To do your problem 2, set up a plot with the correct dimensions (xlim and ylim), with type = "n", then draw 3 lines for the densities, scaled using something similar to the density line above. Think however about whether you want those semi continuous lines to reflect the heights of imaginary bars with bin width 5... You see how that might make the density lines exaggerate the counts at any particular point?
Although this is an aged thread, if anyone catches this. I would only think it is a 'good idea' to forego translating the y density to count scales based on what the user is attempting to do.
There are perfectly good reasons for using frequency as the y value. One idea in particular that comes to mind is that using counts for the y scale value can give an analyst a good idea about where to begin the 'data hunt' for stratifying heterogenous data, if a mixed distribution model cannot soundly or intuitively be applied.

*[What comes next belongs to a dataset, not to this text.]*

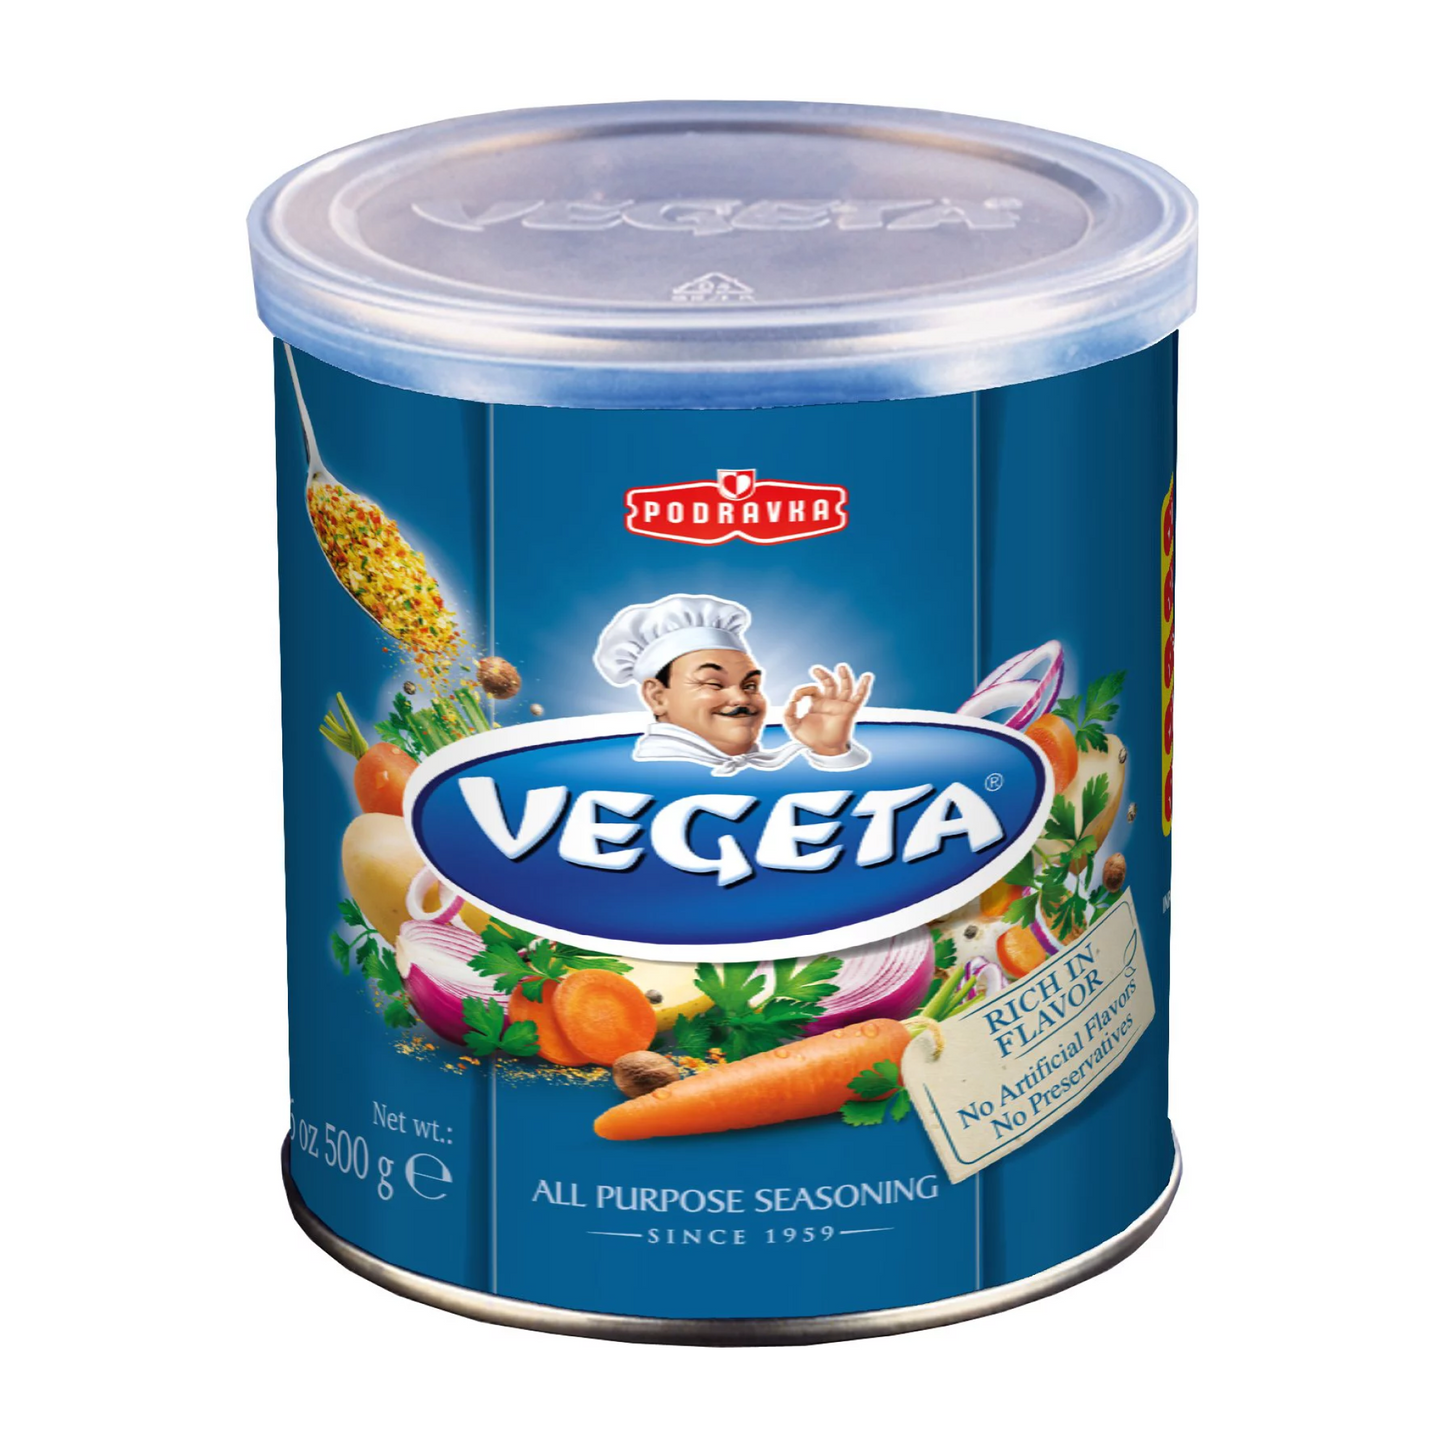 Podravka Vegeta Food Seasoning 500g

In practice, overlaying a density estimate over the observed histogram can be very useful in data quality checks. For example, in the above, if I were looking at the above graphic as a single source of data with the assumption that it describes "1 thing" and I wish to model this as "1 thing", I have an issue. That is, I have heterogeneous data which may require some level of stratification. The density overlay then becomes a simple visual tool for detecting heterogeneity (apart from using log transformations to smooth between-interval variation), and a direction (locations of the mixed distributions) for stratifying the data.
I have two density curves plotted using this:
Network <- Mydf$Networks
quartiles <- quantile(Mydf$Avg.Position, probs=c(25,50,75)/100)

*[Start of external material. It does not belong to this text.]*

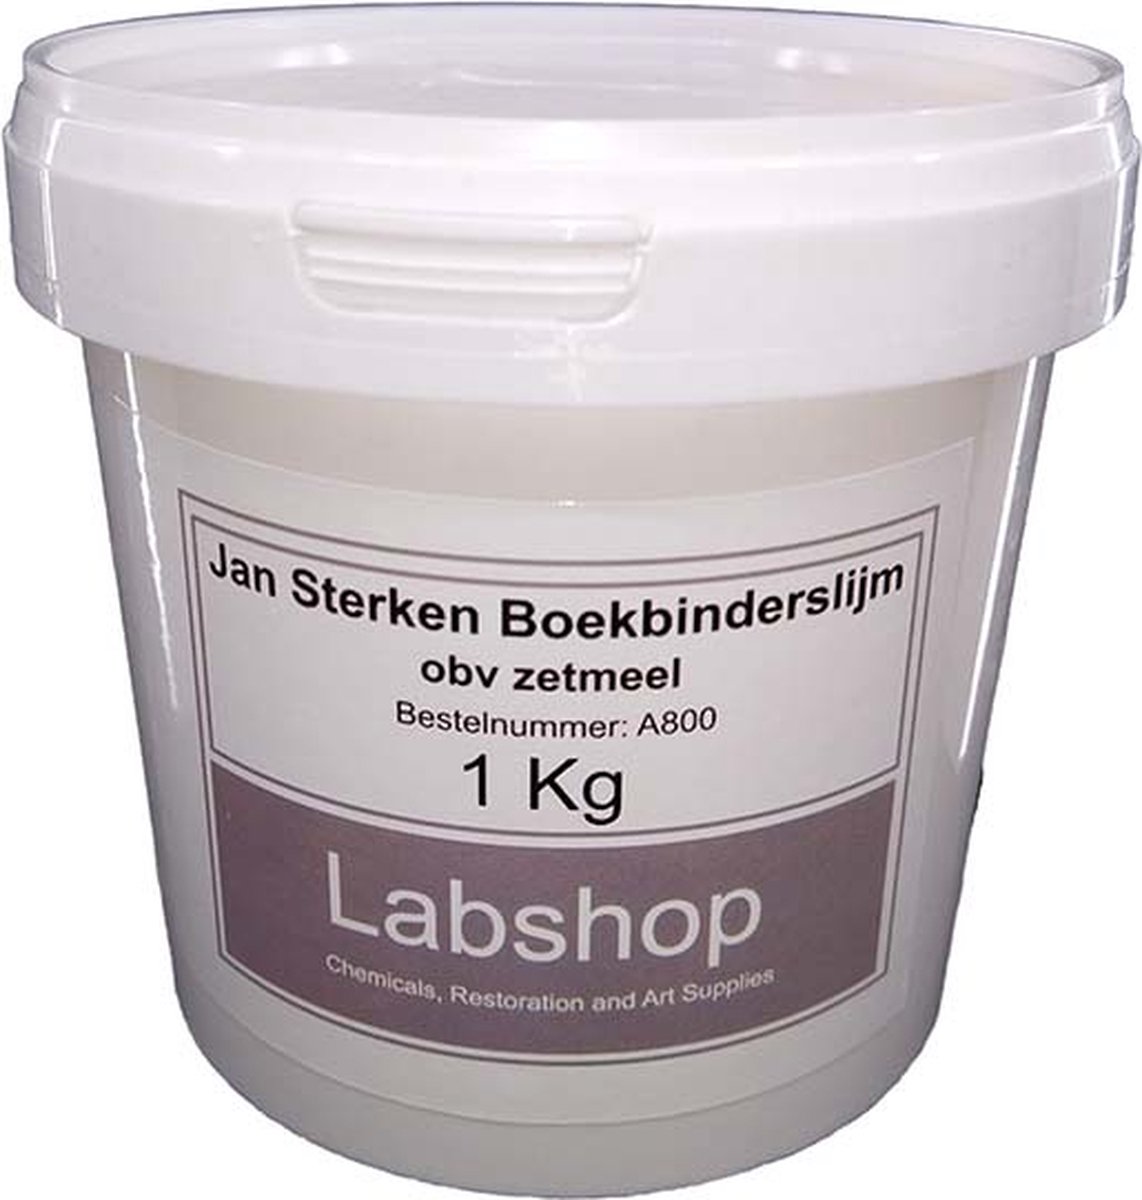 Labshop - Jan Sterkenlijm - Boekbinderslijm obv zetmeel 1 kilogram

density <- ggplot(Mydf, aes(x = Avg.Position, fill = Network))
d <- density + geom_density(alpha = 0.2) + xlim(1,11) + opts(title = "September 2010") + geom_vline(xintercept = quartiles, colour = "red")
print(d)
I'd like to compute the area under each curve for a given Avg.Position range. Sort of like pnorm for the normal curve. Any ideas?
Calculate the density seperately and plot that one to start with. Then you can use basic arithmetics to get the estimate. An integration is approximated by adding together the area of a set of little squares. I use the mean method for that. the length is the difference between two x-values, the height is the mean of the y-value at the begin and at the end of the interval. I use the rollmeans function in the zoo package, but this can be done using the base package too.
require(zoo)
X <- rnorm(100)
# calculate the density and check the plot
Y <- density(X) # see ?density for parameters
plot(Y$x,Y$y, type="l") #can use ggplot for this too
# set an Avg.position value
Avg.pos <- 1
# construct lengths and heights
xt <- diff(Y$x[Y$x<Avg.pos])
yt <- rollmean(Y$y[Y$x<Avg.pos],2)
# This gives you the area
sum(xt*yt)
This gives you a good approximation up to 3 digits behind the decimal sign. If you know the density function, take a look at ?integrate
Three possibilities:
The logspline package provides a different method of estimating density curves, but it does include pnorm style functions for the result.
You could also approximate the area by feeding the x and y variables returned by the density function to the approxfun function and using the result with the integrate function. Unless you are interested in precise estimates of small tail areas (or very small intervals) then this will probably give a reasonable approximation.
Density estimates are just sums of the kernels centered at the data, one such kernel is just the normal distribution. You could average the areas from pnorm (or other kernels) with the sd defined by the bandwidth and centered at your data.